■ **Your objective**
Under this line sits a listing. Repeat exactly and only its lines from the one holding "Central MA Engagement" through the one holding "Resume Examples Construction Laborer"; skip pictures.

■ **Dataset entries**
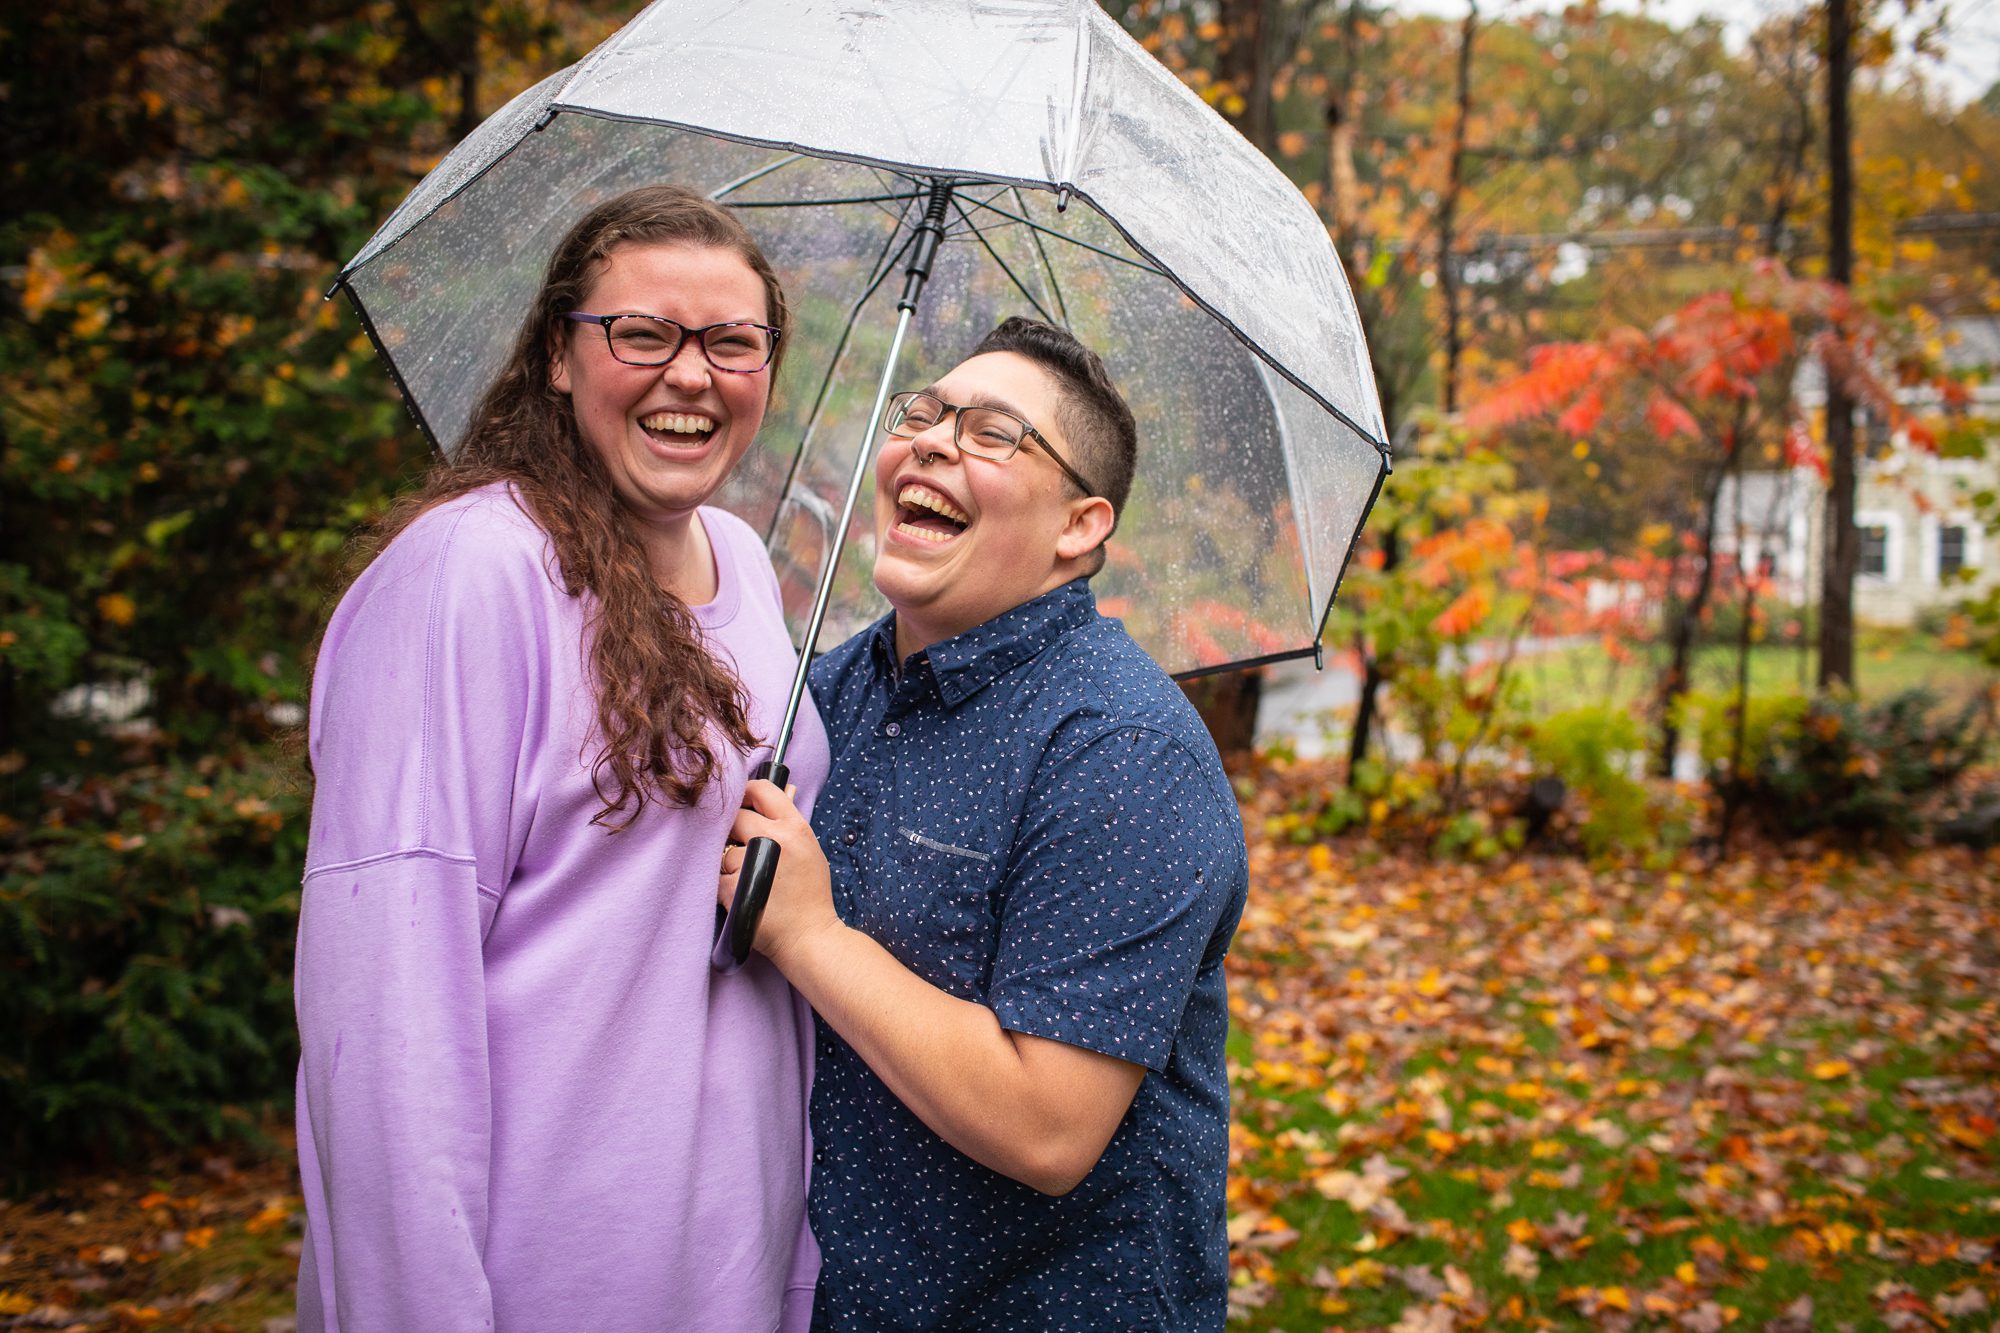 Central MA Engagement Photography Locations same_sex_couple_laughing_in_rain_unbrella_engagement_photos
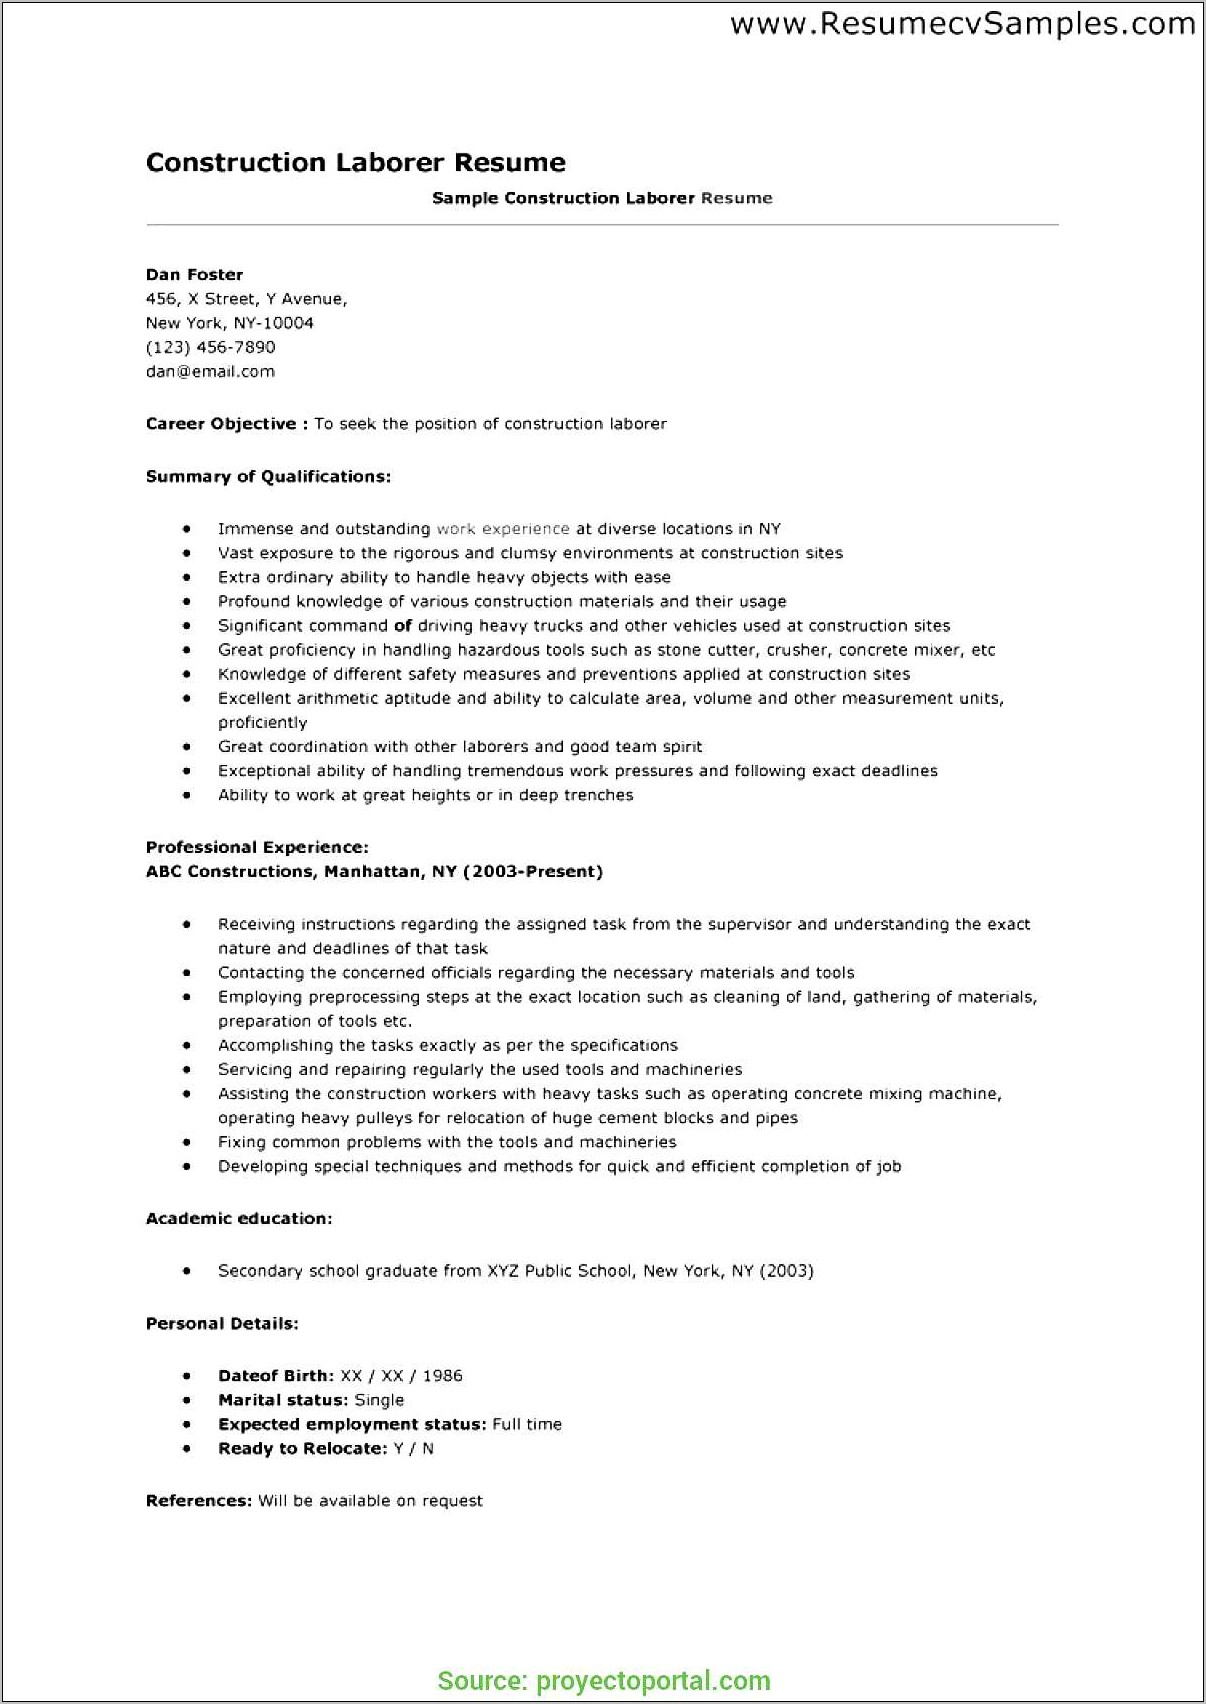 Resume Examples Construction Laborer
...
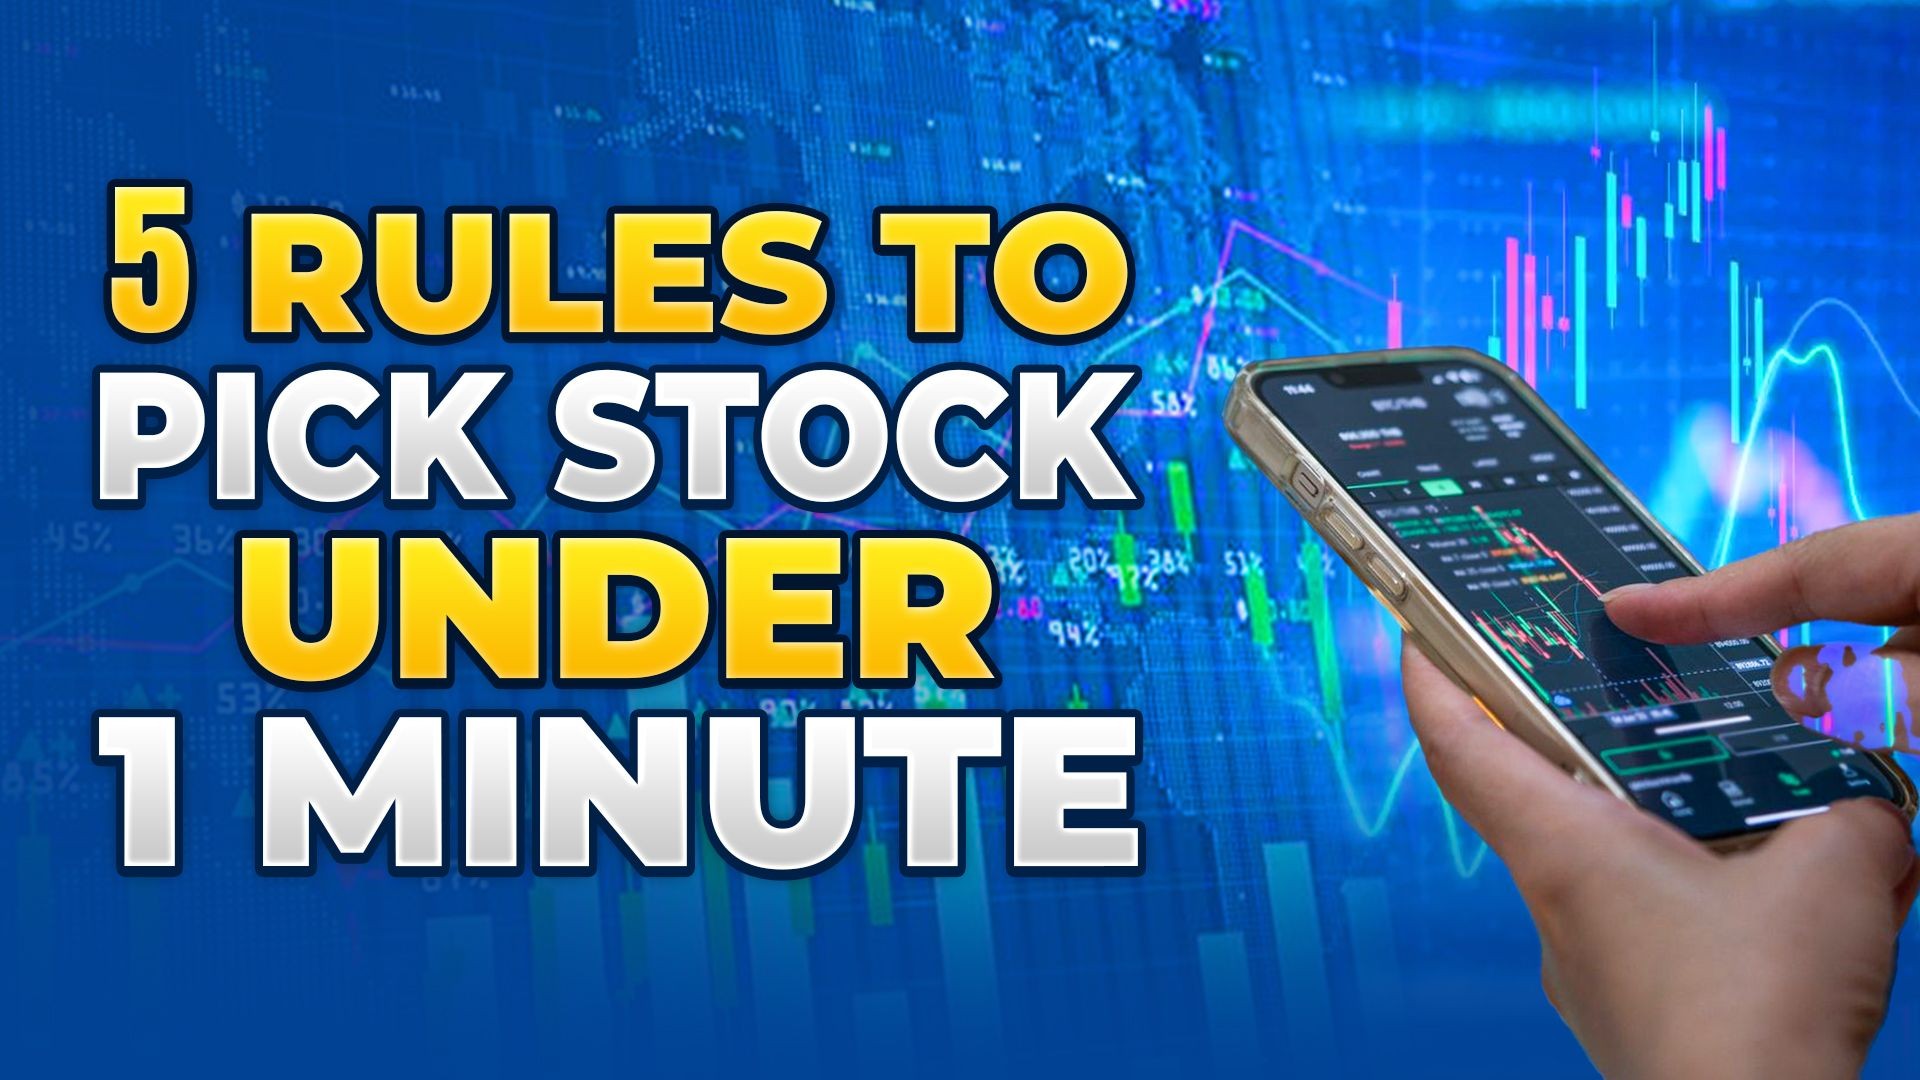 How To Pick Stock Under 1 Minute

■ **Exercise response**
 Central MA Engagement Photography Locations same_sex_couple_laughing_in_rain_unbrella_engagement_photos
 Resume Examples Construction Laborer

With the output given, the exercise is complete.